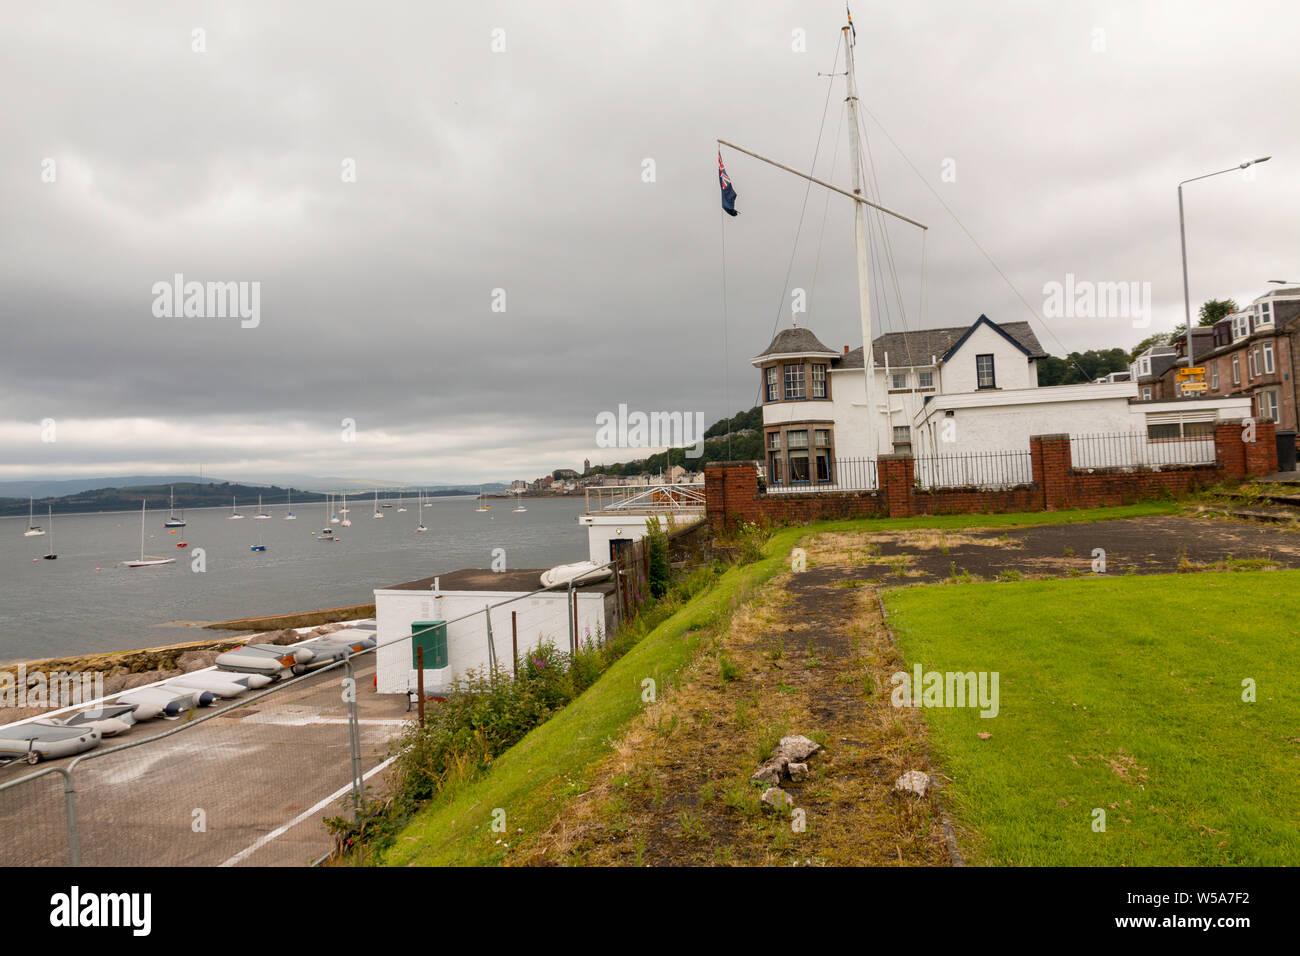 Gourock to Inverkip Coastline West of Scotland July 2019 Stock Photo
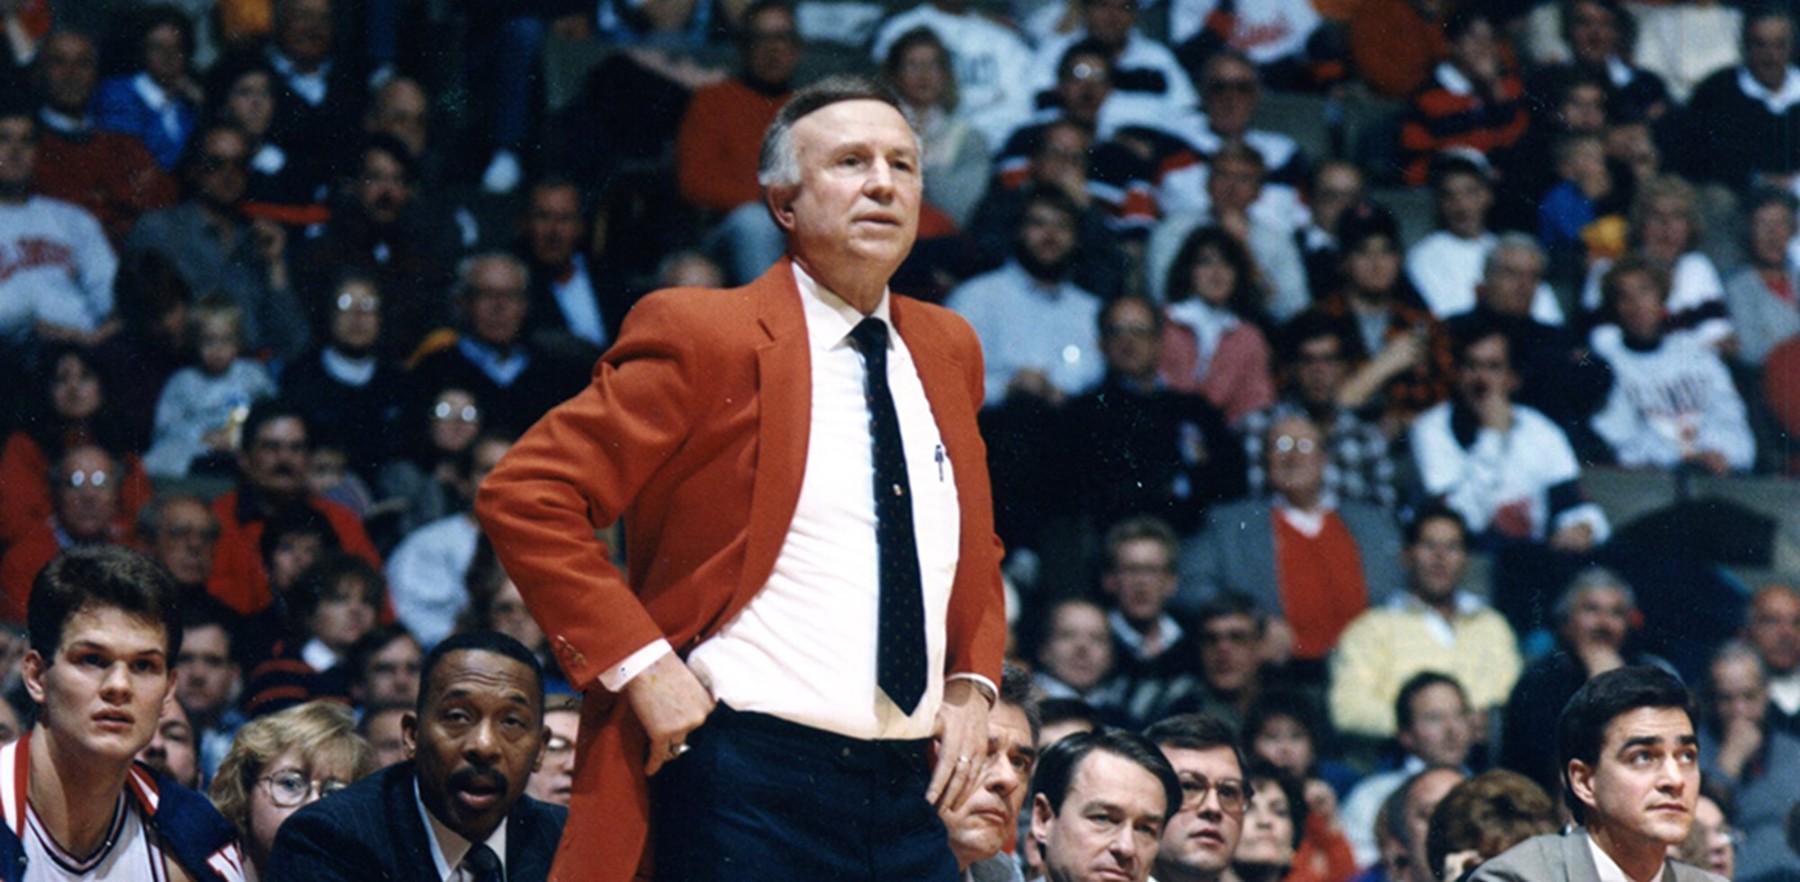 Lou Henson coaching in his signature orange blazer
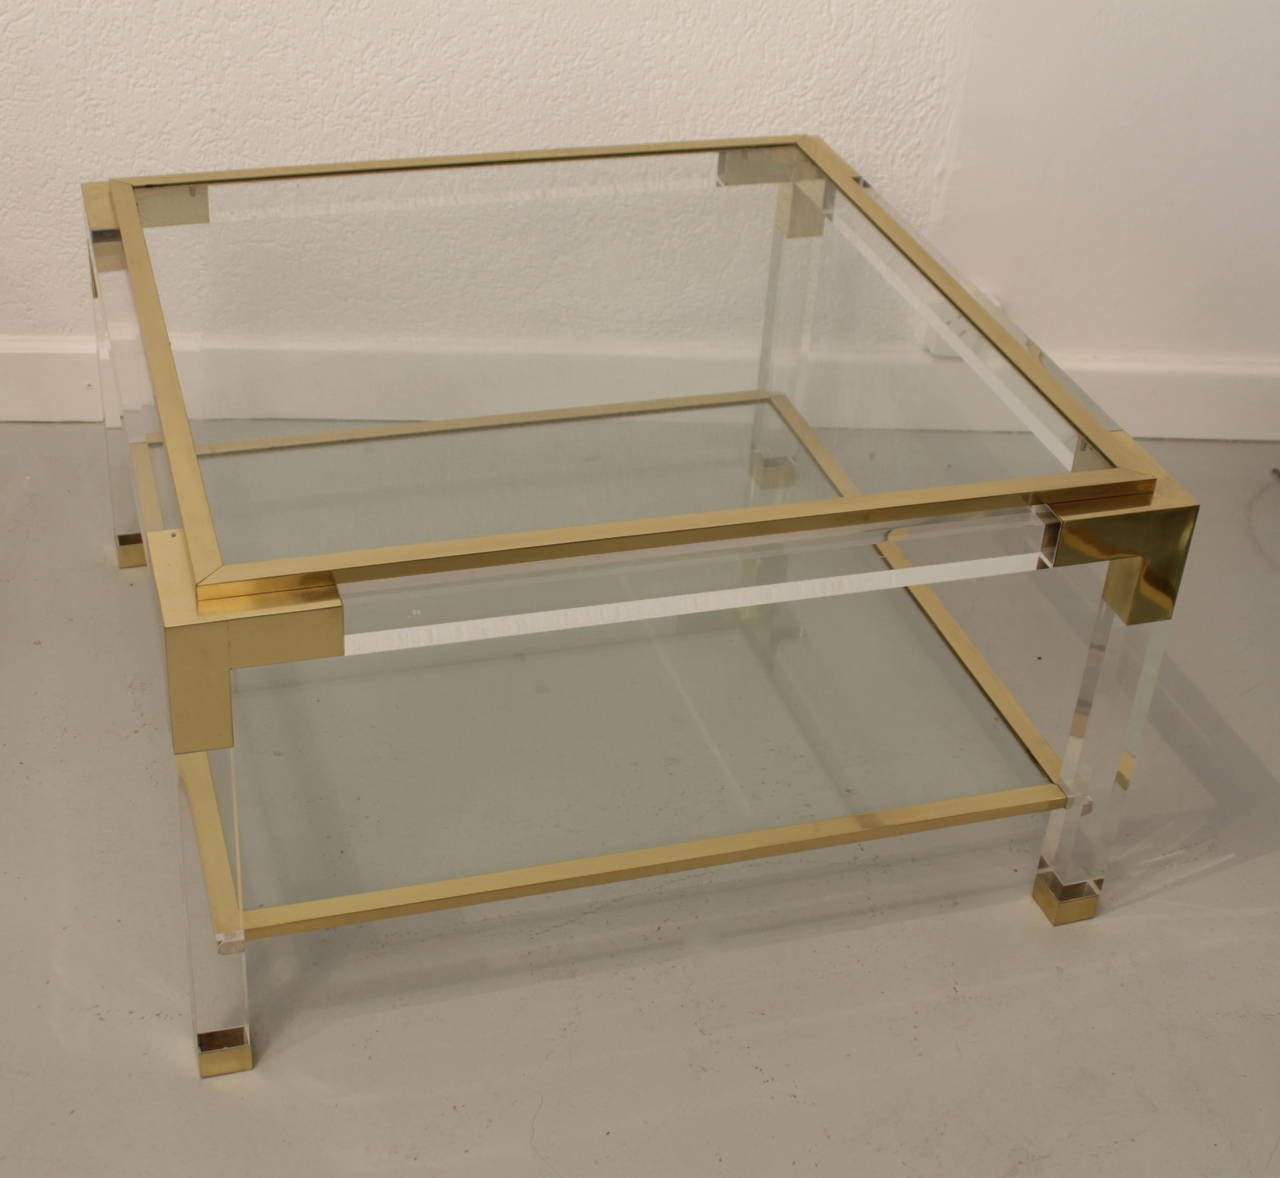 Quadratischer Messing & Plexiglass Couchtisch, 1975

● ● ● ● ●

◆ Exercise objective
Copy out every line of the data above, taking care to leave the pictures out.

◆ Written answer
 Gourock to Inverkip Coastline West of Scotland July 2019 Stock Photo
 Lou Henson coaching in his signature orange blazer
 Quadratischer Messing & Plexiglass Couchtisch, 1975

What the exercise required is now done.